Dandelions are ubiquitous during spring around here, but show no variation except perhaps in size. All seem to come in bright yellow, not a bad color, but one yearns to see a little variation among the millions of plants coloring our lawns, roadsides, and gardens. Of course, dandelions in our gardens arrived there as unwanted party crashers, and are soon dispatched like any common weed, hopefully before their plumed seeds get a chance to escape to make yet more plants. It has often been said that if the common dandelion was a delicate and hard to propagate plant, it would be coveted by gardeners for its cheerful flowers and generally neat habits.
Still, there are some special dandelions that are worth coddling in the garden, if perhaps for nothing more than their differences from the common yellow version. My favorite variant of the few I am growing is Taraxacum pseudoroseum, obtained as such from a NARGS seed list a few years ago. It really is a pink dandelion, at least on the outer petals. Not a bright pink, rather a strange pale shade, with a somewhat subdued yellow coloration towards the center of the flower. It is identical to the common dandelion otherwise, so I have to pay attention to where I plant it so it doesn't get yanked out. I carefully gather seed either directly from the plant, or by placing seedheads in a glass of water indoors before they open up, so the wind doesn't get the seeds first.
I grew T. albidum, an Asian species, in a container on a small terrace, but the parent plants died during the severe cold late this winter. It is basically a white flowered version of our common species, and it flowered and set seed profusely last year. Some of the seed escaped my collecting, so there are now seedlings coming up in their original planter, along with a few blooming plants of T. pamiricum, another white flowered dandelion. This latter species is recognizably different than the standard dandelion; it is a smaller plant with narrow linear foliage. Flowers and seed heads are about half the size of the common T. officinale.

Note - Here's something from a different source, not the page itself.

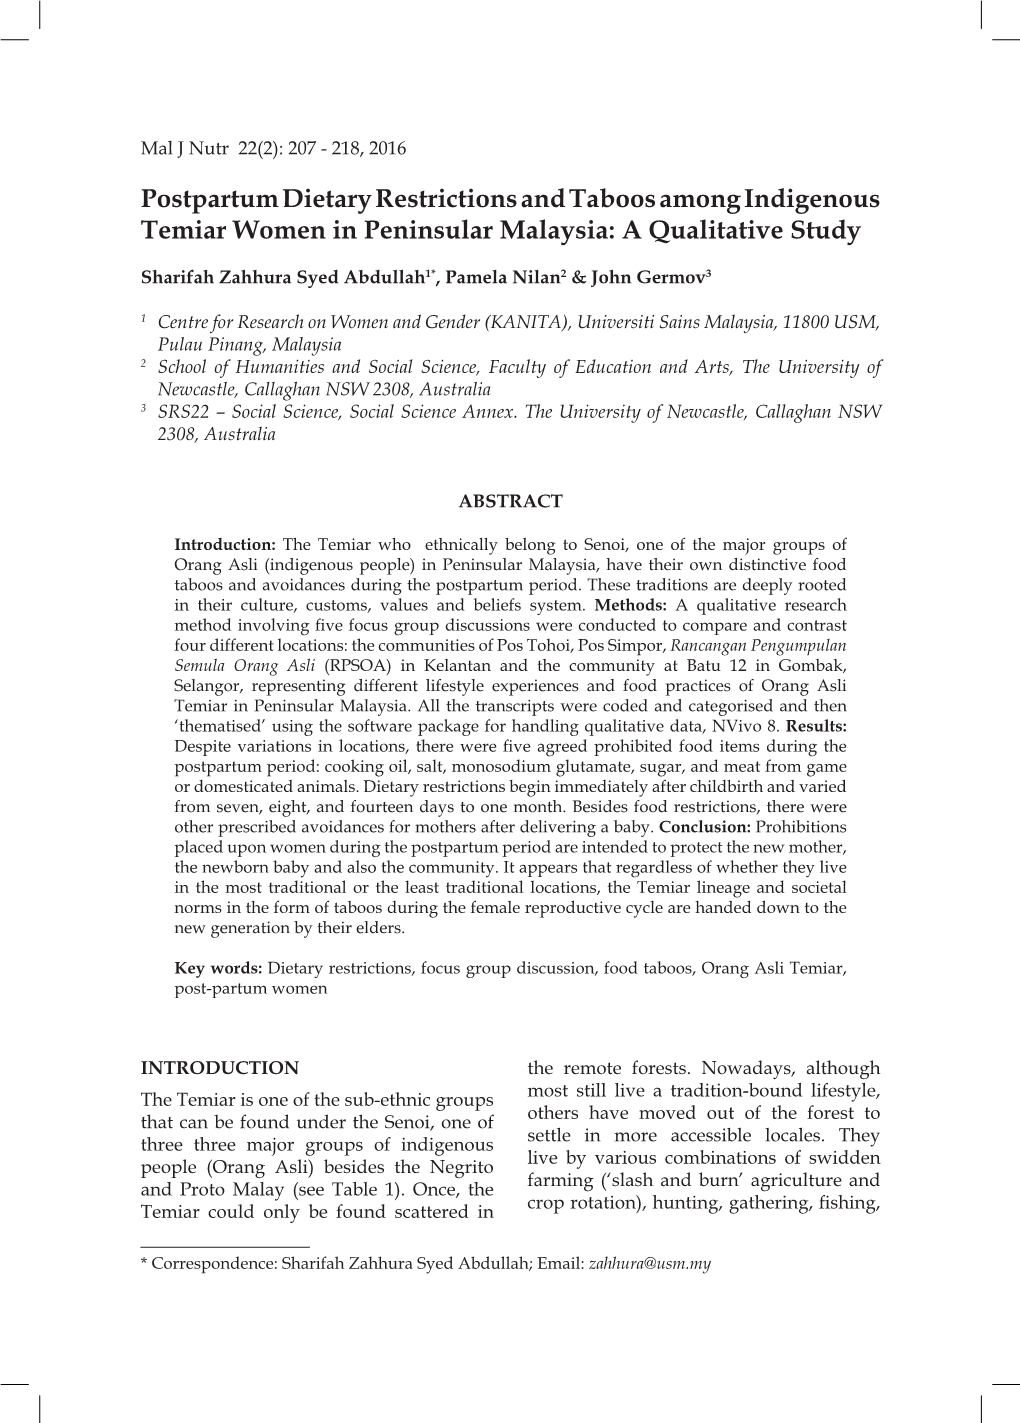 Postpartum Dietary Restrictions and Taboos Among Indigenous Temiar Women in Peninsular Malaysia: a Qualitative Study

As with many seeds of plants in the daisy family, Asteraceae, seeds of Taraxacum are not long lived and will lose viability after a year or so, if not less. Storing them in the refrigerator will greatly lengthen their lives, so refrigerated seed can be a source of new plants for years to come, as well as a guarantee of sorts in case you lose your plants. These are not plants that you are likely to find in nurseries, and even seed collectors/seed lists may not have the same ones from year to year.